The final piece in the puzzle came when both the local and international media concluded that, this time, South Africa really did not merit being ranked among the favourites. Like gamblers who spend an hour putting all their chips on the same number at the roulette table, they finally walked away, muttering something about “no chance”.

Process driven vs results driven
The attempt to be “process driven” rather than “results driven” in sport has been around as long as the Soda-Stream and toasted sandwich maker, but it’s a lot simpler in theory than reality; bottles still explode and the cheese melts and sticks to the sides. Not with this team, however. Not yet, anyway.

“We really haven’t thought about results at any stage, that’s the truth,” insists Jacques Kallis. “We all know what to do and we know that if we take care of our preparation and remain ‘aware’ of the situation in the match and what is required, then the result will take care of itself.”

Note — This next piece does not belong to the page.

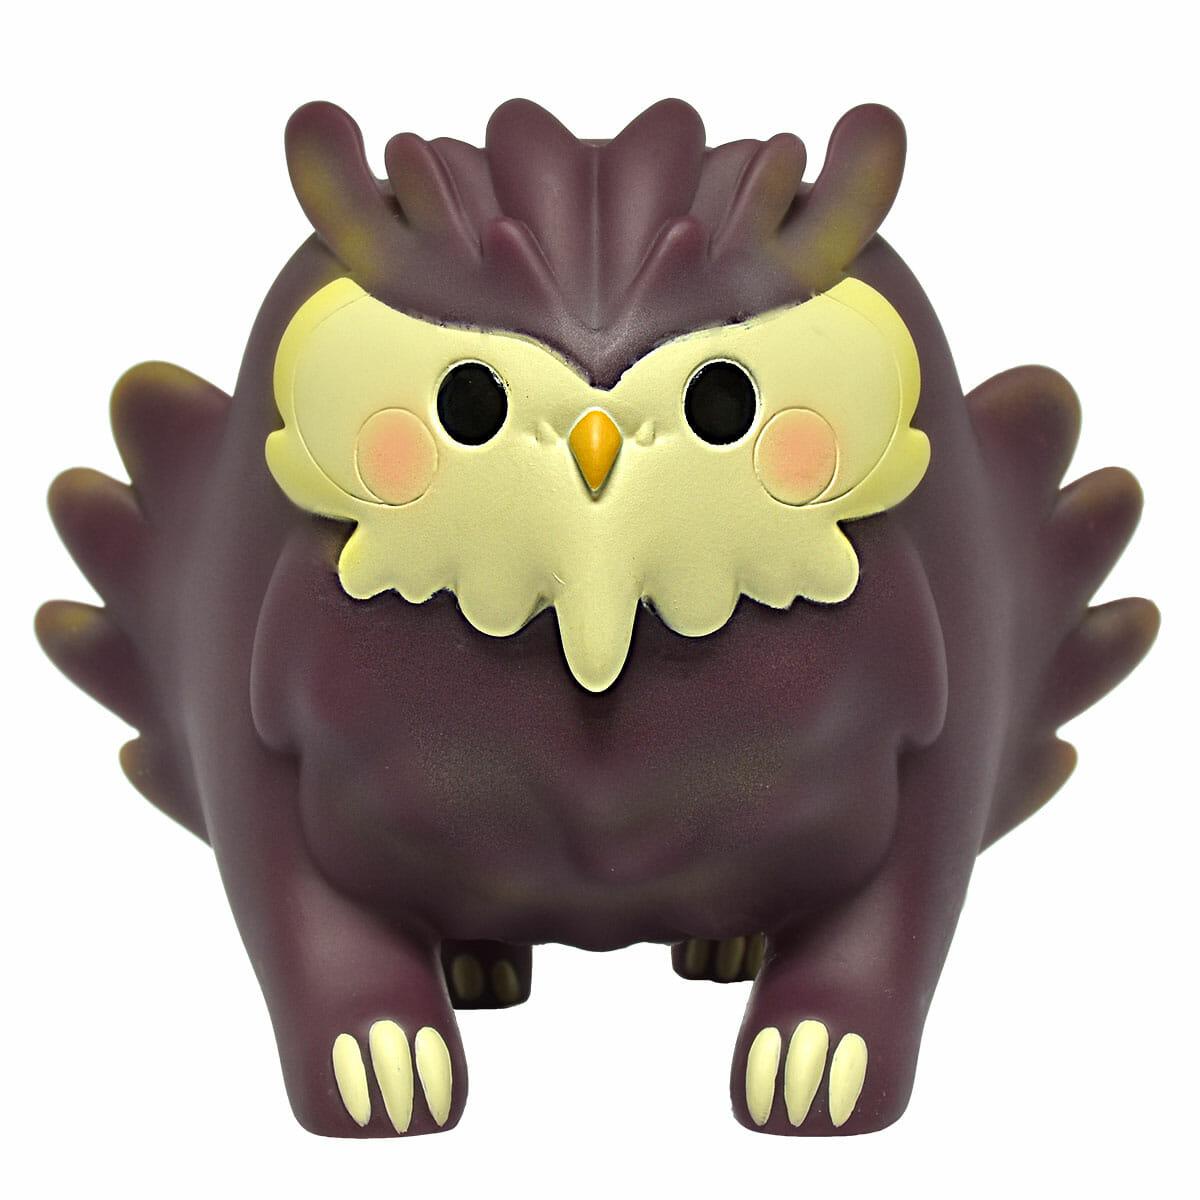 Adorable owlbear

To be fair, that was easy in the group stage when there was always a second chance. South Africa has a long and proud history of winning more series than any other team in the past 15 years—when there was always another game in three days’ time to correct mistakes. Can the “processes” remain intact now that the knockout matches have begun?

“We’ll see,” says Kallis with the spontaneous and genuine grin of a man who, like Rajah, is at his fifth World Cup and knows only too well that they have not remained intact under pressure in the past. “It’s like an exam. If you’ve done your studying then you’re confident when you walk in to write the paper. That’s all you can do.”

Friday’s quarterfinal against New Zealand is full of potential pitfalls—every game is when the other six teams left in the tournament are the world’s best. But South Africa appeared to be as well prepared—and therefore confident—as they could possibly be in the days leading up to the game. Small and apparently insignificant details are still important, however.

The tournament organisers have gone to a lot of effort, making posters containing messages of encouragement from all the teams’ homelands and placing them on the walls of the change rooms before each game. Those from South Africa read: “We know you will make us proud. We know you will win it this time.”

Discreetly and without fuss, and with apologies to the organisers, Rajah quietly took them down and folded them away—to be viewed, perhaps, at a later date. “We’ve been there before. We don’t need to be reminded of the finishing line again. The race has only just begun,” he said.